Wirtschaft : Schokolade hat auch eine bittere Seite

Mit dieser Machete arbeitete Sylvain Yao Kouakou auf den Kakao-Feldern.
Mit dieser Machete arbeitete Sylvain Yao Kouakou auf den Kakao-Feldern.

Die meiste Schokolade in Deutschland kommt aus Westafrika – dort müssen oft Kinder auf den Feldern arbeiten.

svz.de von
21. Februar 2018, 23:12 Uhr

Nirgends sonst auf der Welt wachsen so viele Kakaobäume wie in Westafrika. Für Schoko-Fans klingt das nach dem Paradies. Denn aus den Früchten der Bäume wird eine beliebte Süßigkeit hergestellt: Schokolade! Besonders gut wächst der Kakao im Land Elfenbeinküste. Dort ist es das ganze Jahr warm, es regnet aber auch viel. Trotzdem gibt es ein Problem: Auf den Feldern arbeiten oft Kinder.

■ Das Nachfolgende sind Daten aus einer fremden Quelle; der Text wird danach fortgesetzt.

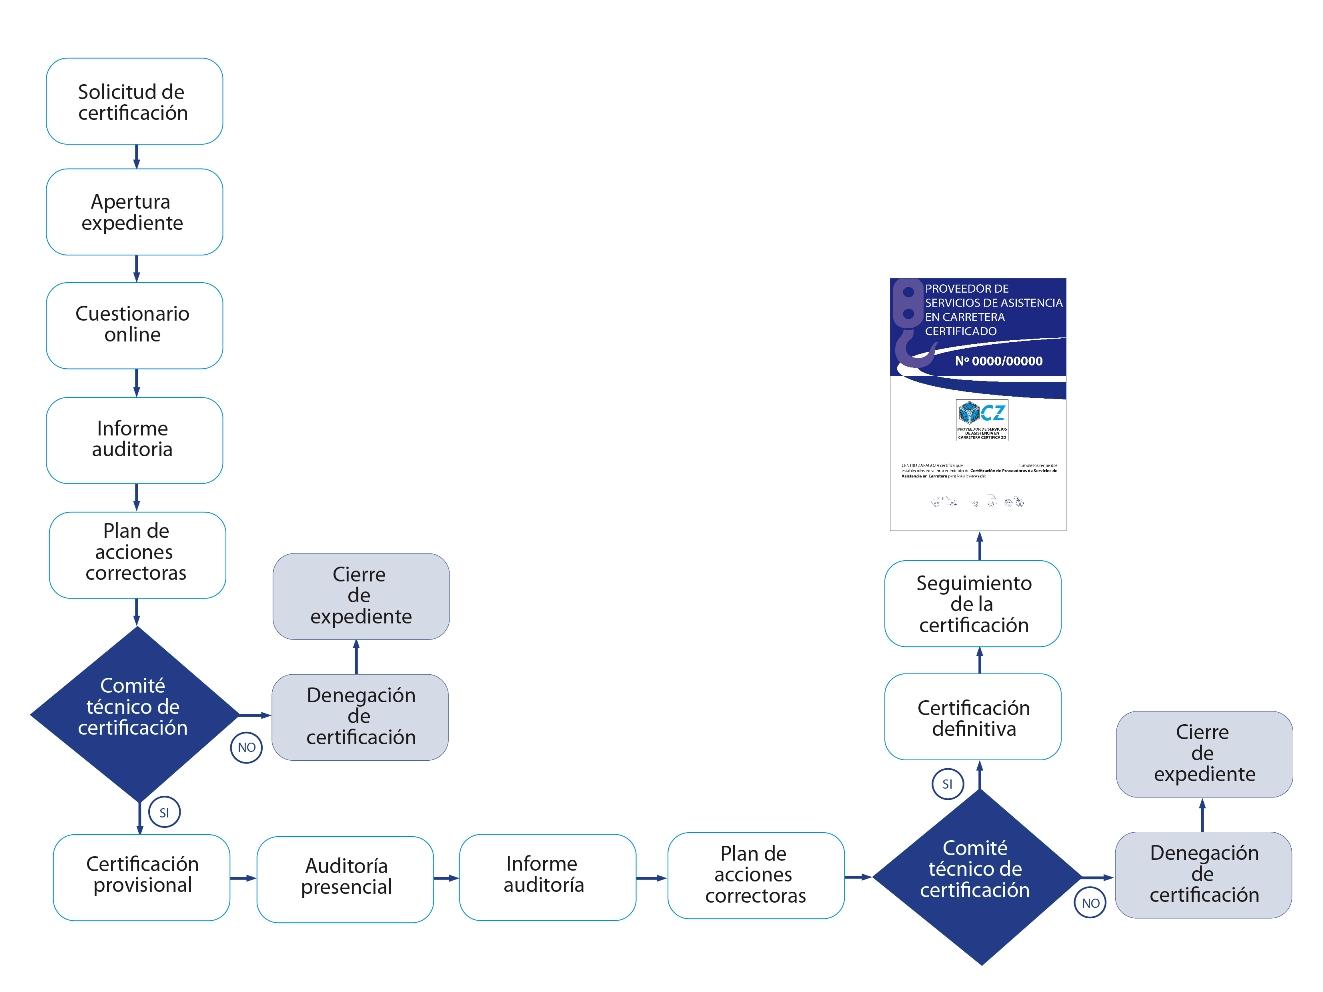 El proceso de Certificación comienza cuando el proveedor cumplimenta la

So wie der 16 Jahre alte Sylvain Yao Kouakou. Er hat mit einem großen Messer, das man Machete nennt, auf den Kakao-Anbauflächen seines Onkels gearbeitet. „Ich habe mit der Machete das Unkraut weggeschlagen“, erklärt er. „Und sobald der Kakao reif war, habe ich ihn in schweren Säcken nach Hause geschleppt.“ Kinder in Westafrika dürfen eigentlich keine schweren oder gefährlichen Arbeiten verrichten. Denn das gefährdet ihre Gesundheit.

Außerdem gehen sie so seltener zur Schule. Doch Kinderarbeit ist in Westafrika weit verbreitet: Zwei Millionen Kinder arbeiten in der Elfenbeinküste und im Nachbarland Ghana im Kakao-Anbau.

Dafür gibt es verschiedene Gründe. Viele Familien sind arm. Sie können niemanden anstellen, der auf ihren Feldern arbeitet. Deswegen helfen die Kinder mit. Manchmal haben die Familien auch einfach nicht genug Geld, um die Kinder zur Schule zu schicken. Und in vielen Fällen halten die Eltern es für normal, dass Kinder arbeiten.

In Deutschland macht es viele Menschen traurig, wenn ihre Schokolade Kindern in Afrika schadet. Deswegen geben sich manche Schokoladenhersteller inzwischen Mühe, Kinderarbeit zu verhindern.

Sie haben zum Beispiel eine Organisation in Sylvains Dorf geschickt. Die Mitarbeiter der Organisation erklären den Eltern, wieso Kinder nicht arbeiten dürfen. Und sie helfen den Familien dabei, ihre Geldprobleme zu lösen.

In Sylvains Dorf haben sie sogar eine neue Schule gebaut. So müssen die Kinder nicht mehr viele Kilometer ins nächste Dorf laufen.

Bei Sylvain hat es funktioniert: „Jetzt mache ich keine schweren Arbeiten mehr“, sagt er. Er hilft seinem Onkel nur bei kleineren Aufgaben. Für den Onkel ist es schwierig ohne Sylvains Hilfe. Doch er kann seinen Kakao nur gut verkaufen, wenn keine Kinder auf seinen Feldern arbeiten. Jetzt muss er manchmal tageweise Arbeiter anheuern.

Sylvain kommt so seinem Traum ein Stück näher. „Ich will Automechaniker werden“, sagt er. Damit könnte er genug Geld verdienen, um später seine eigenen Kinder zur Schule zu schicken.